Пройдя, страстная любовь всегда оставляет в душе человека горечь – горечь от потери. Человек ощущает, что ему была дана возможность прикоснуться к чему-то прекрасному, но удержать это прекрасное он не смог. Хаотичное сознание при этом настойчиво пытается отыскать причину потери счастья, и генерируемые им вопросы и ответы почти на сто процентов находятся в области внешнего. «Я что-то сделал не так», «Зря я ей сказал об этом. Если бы не говорил, то не потерял бы ее», «Не нужно было идти на тот вечер у друзей», «Наверное, она нашла себе кого-нибудь другого», «Почему я такой несчастный и невезучий», «Бог несправедлив ко мне» и т.д. Вариантов вопросов и ответов может быть масса, но суть их одна – они все представляют собой акциденции, случайные внешние проявления, имеющие лишь опосредованное отношение к субстанции проблемы.
Но где же находится субстанция, где находится истинный ответ? Как найти дорогу к вертикальному измерению любви? Эти вопросы задают очень немногие. Могу лишь приблизительно указать, что субстанция (ответ) раскрывает себя только тогда, когда объект любви трансформируется из эмпирического человека, которого ты «страстно любишь», в «Другого, любимого тобой». Но как уже не раз упоминалось, это может произойти только после метанойи, коренного изменения сознания.
В «Предисловии», затрагивая проблему «Другого», я намеренно ушел от ответа на вопрос «Неужели другие – это всегда ад? А как же быть с любовью?». Тогда я заместил полноценный ответ фразами, переводящими в область телесности на примере из произведений Мишеля Уэльбека. Но спустя время этот вопрос вновь всплыл, однако уже в пространстве, где стоит дилеммы любви. И действительно, кто же есть Другой в пространстве любви и как он соотносится с адом?
Если мы берем любовь как критерий, то естественно предположить, что Другие в соответствие с ним должны делиться на «Других, которых мы любим» и «Других, не попадающих в сферу нашей любви». В «Тошноте» в главе «Вторник, 30 января» эти два типа Других представлены.

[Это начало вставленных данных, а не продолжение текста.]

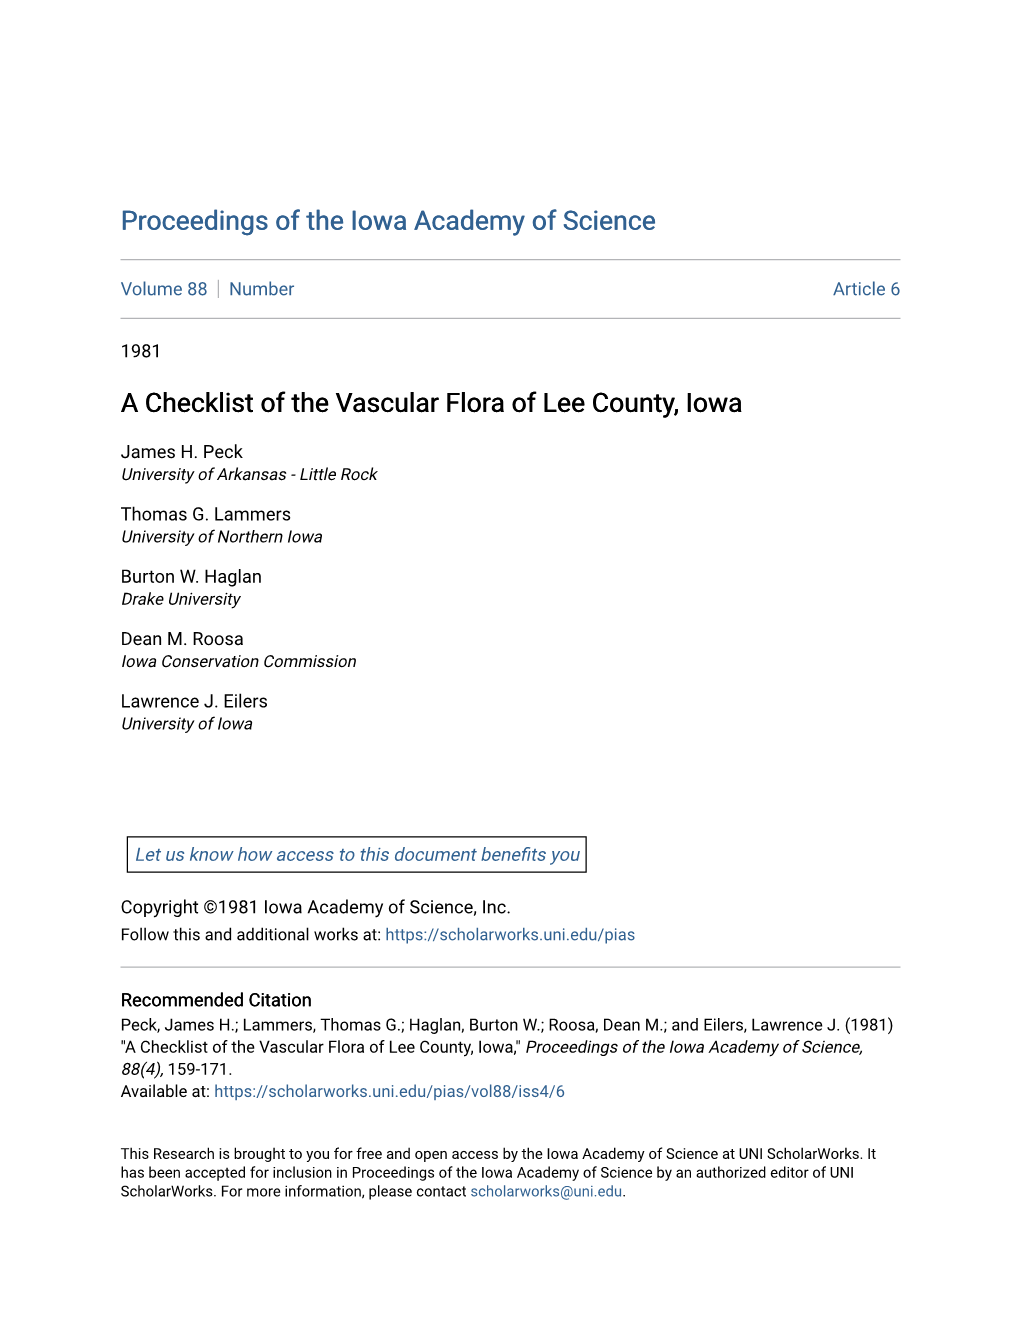 A Checklist of the Vascular Flora of Lee County, Iowa

В роли «любимого Другого» выступает Анни, а в роли «Другого, не попадающего в сферу любви» - компания сидящих в кафе молодых людей. Критерием подобного разделения выступает сознание Антуана Рокантена, содержащее в себе константу любви.
Здесь хотелось бы сделать небольшое отступление и сказать несколько слов о представленности образа Анни в одном и том же отрывке и об отношении к этому состояния сознания Рокантена (имеется в виду приведенный в начале главы «Нить Ариадны» отрывок). Тонкость момента заключается в том, что образ Анни представлен как бы в двух ипостасях – ипостаси до трещины в обыденном бытии Рокантена и ипостаси после трещины. Причем обе эти ипостаси одновременно заключены в дневнике и его фразе «Бывало, она уйдет, а я еще долго думаю об Анни» и ключ к их раскрытию лежит в фиксации события воспоминания по отношению ко времени.
Так вот, если мы берем образ Анни, о которой главный герой вспоминает после физической близости с хозяйской кафе Франсуазой в контексте времени когда дневника еще не было, то образ Анни представляет собой продукт «страстной любви», образ, сформировавшийся с участием хаотического потока обыденного сознания. Т.е. Анни в подобной трактовке - это эмпирический, психологический образ, Анни – это человек. Если же образ Анни берется в контексте дневника и свершившегося факта трещины в обыденном бытии Рокантена, то он уже рассматривается как «Другой, которого любят» (хотя пока не ясно, является ли она «истинно любимой Другой»). По сути, мы здесь сталкиваемся с магией слова и магией Сартра как творца этого слова.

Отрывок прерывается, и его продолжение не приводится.